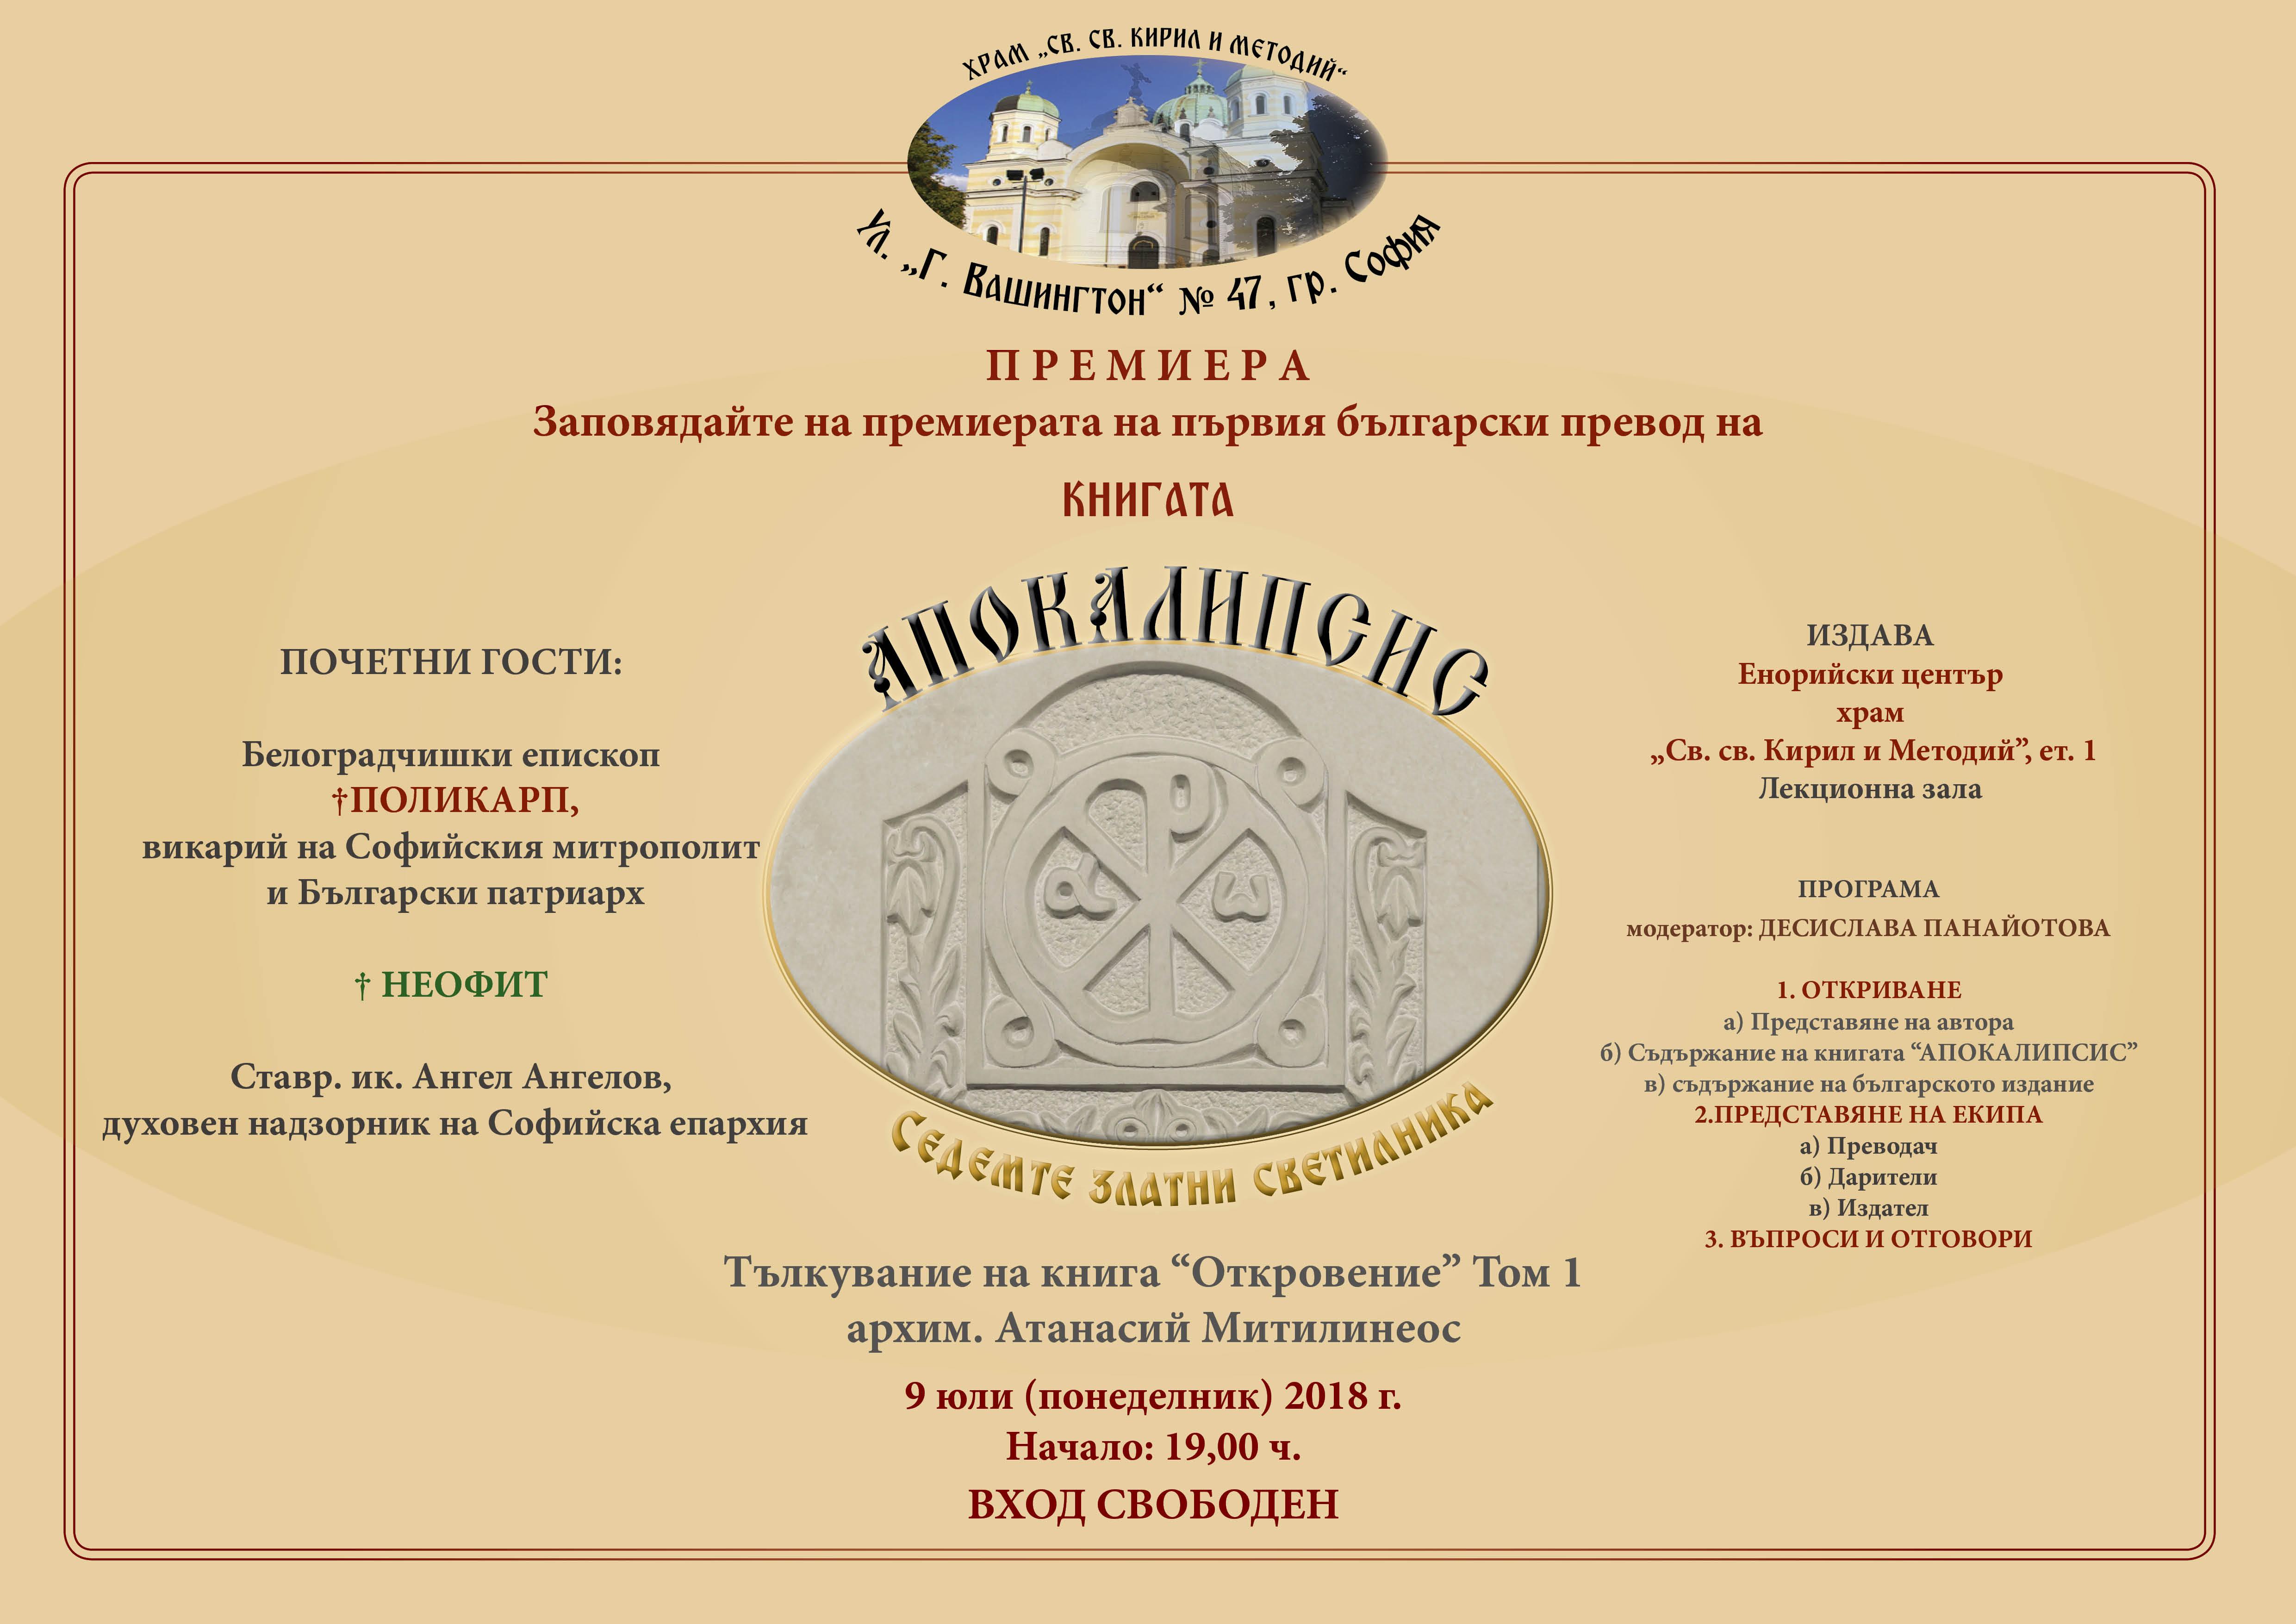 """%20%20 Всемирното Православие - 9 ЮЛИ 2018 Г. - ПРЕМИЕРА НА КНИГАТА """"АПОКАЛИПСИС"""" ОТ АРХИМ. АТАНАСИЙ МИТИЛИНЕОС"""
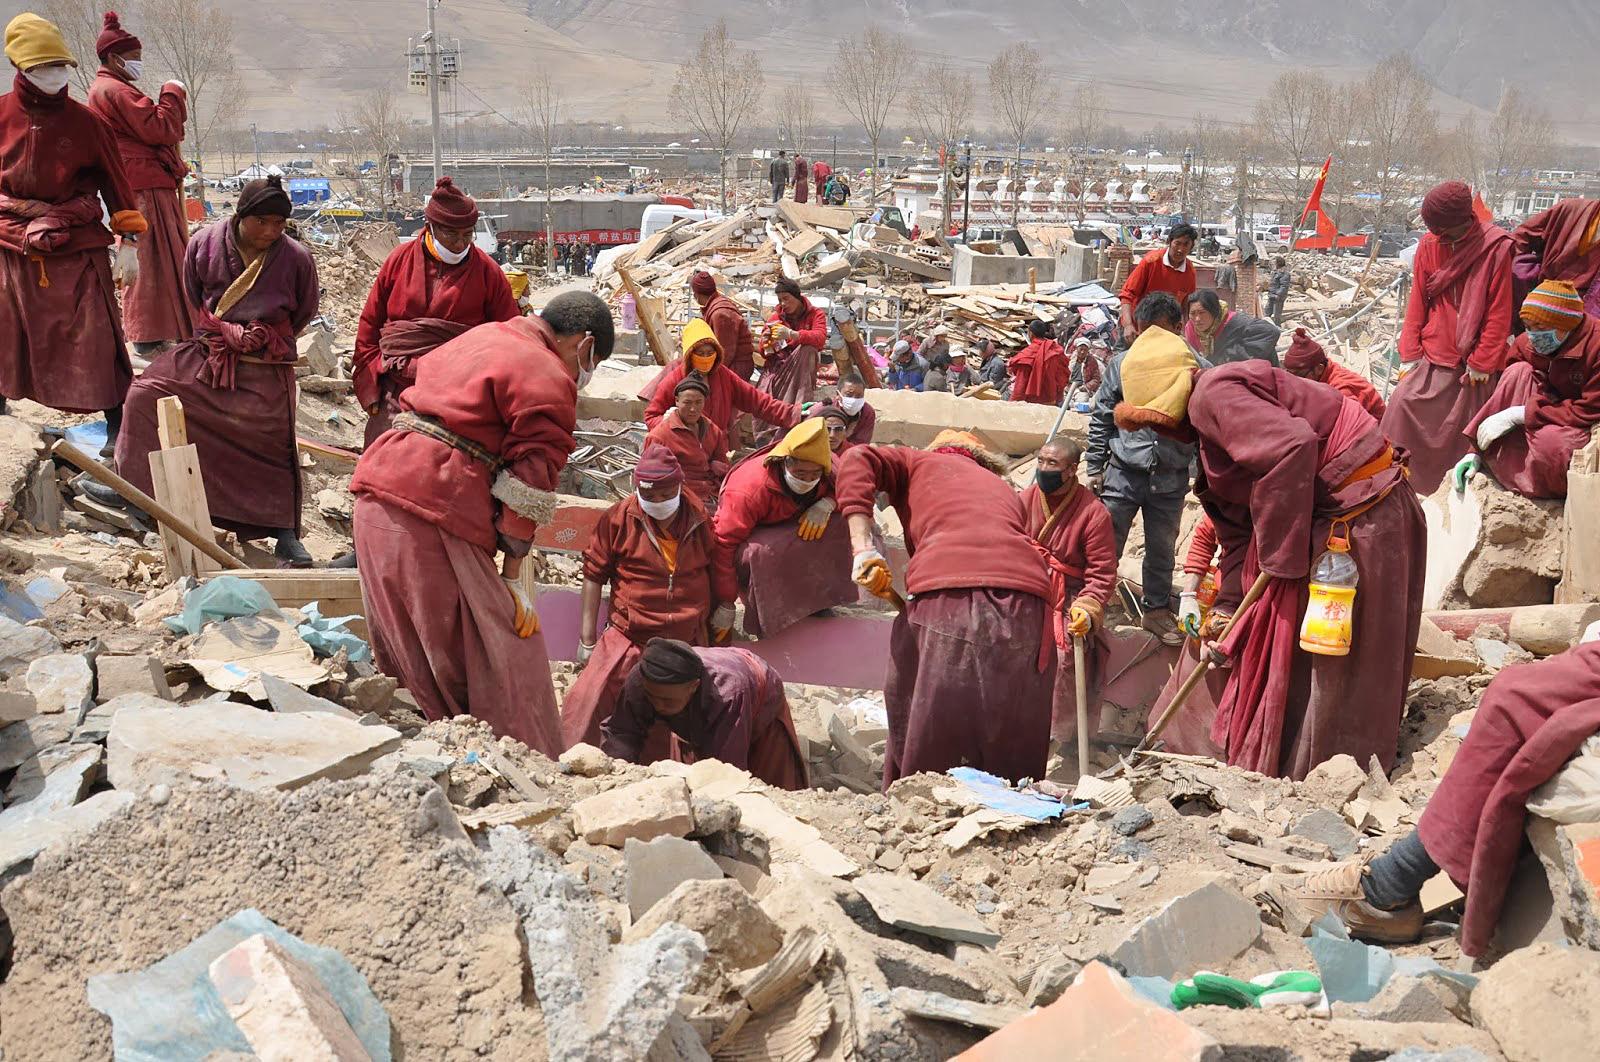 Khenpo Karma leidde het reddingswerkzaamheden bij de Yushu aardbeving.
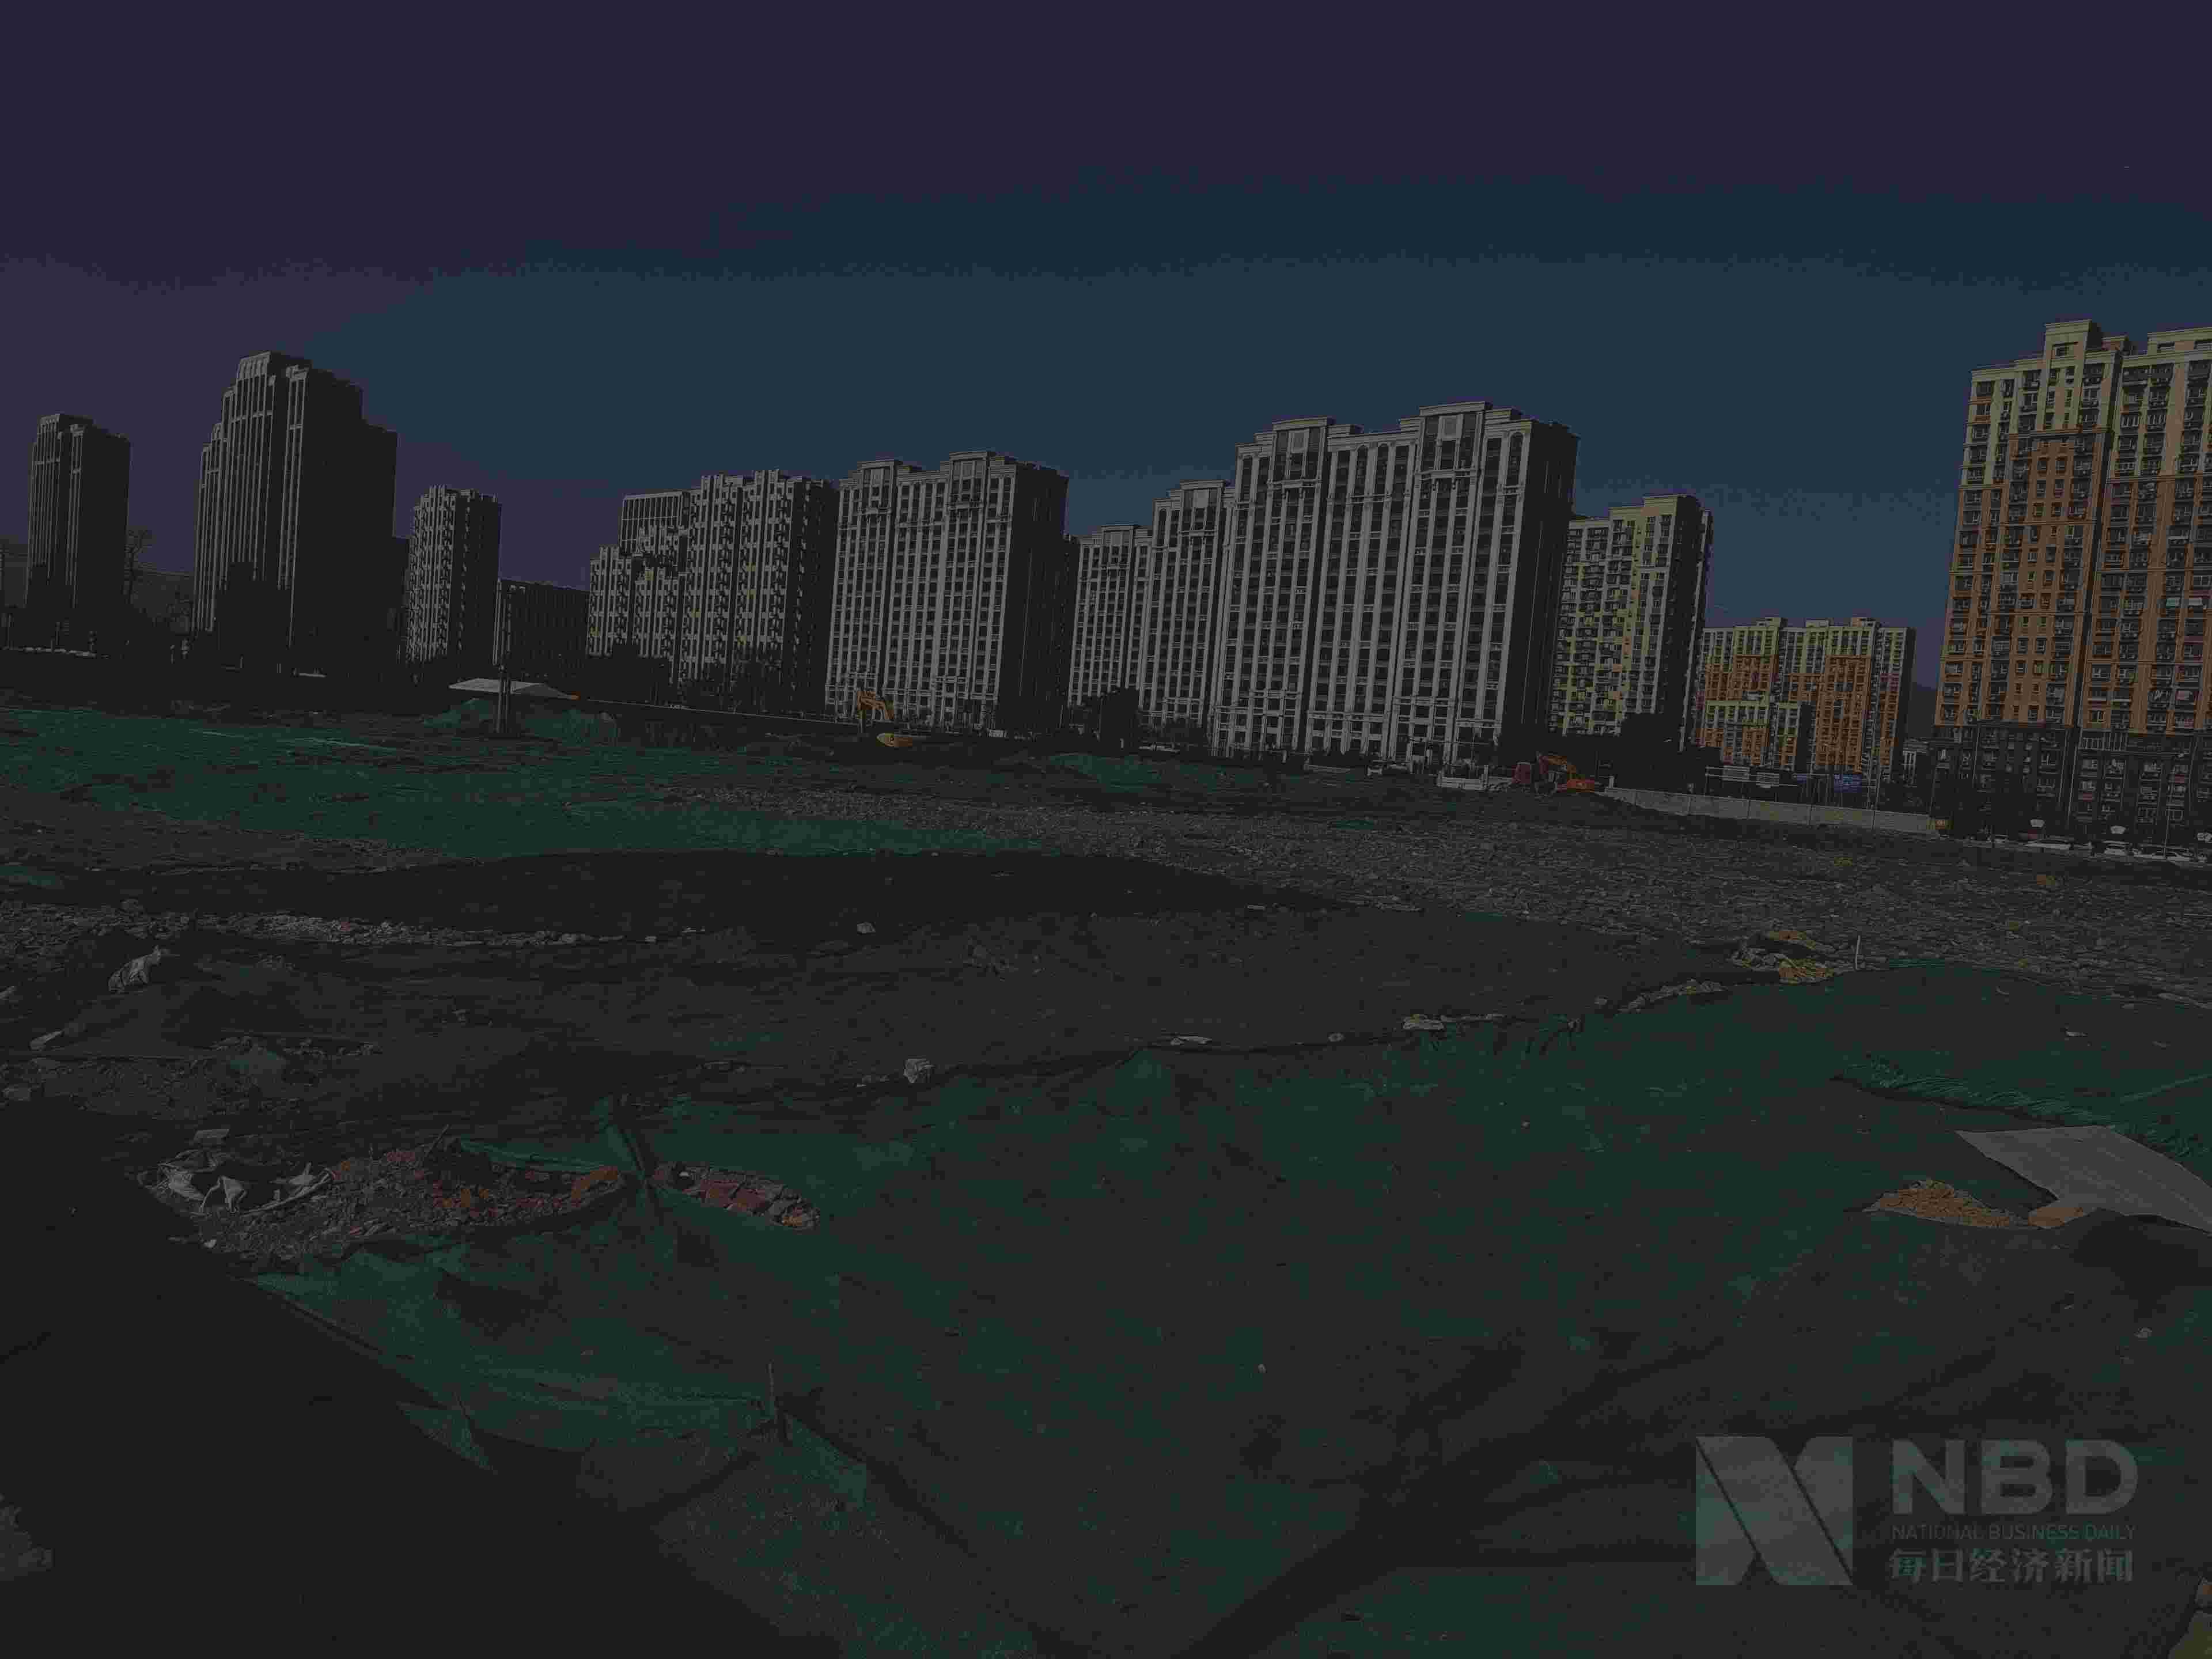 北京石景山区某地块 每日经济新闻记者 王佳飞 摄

-- -- --

Task statement: Only the pictures should be left out; the rest of the material above must be repeated exactly.

Output of the exercise:
 """%20%20 Всемирното Православие - 9 ЮЛИ 2018 Г. - ПРЕМИЕРА НА КНИГАТА """"АПОКАЛИПСИС"""" ОТ АРХИМ. АТАНАСИЙ МИТИЛИНЕОС"""
 Khenpo Karma leidde het reddingswerkzaamheden bij de Yushu aardbeving.
 北京石景山区某地块 每日经济新闻记者 王佳飞 摄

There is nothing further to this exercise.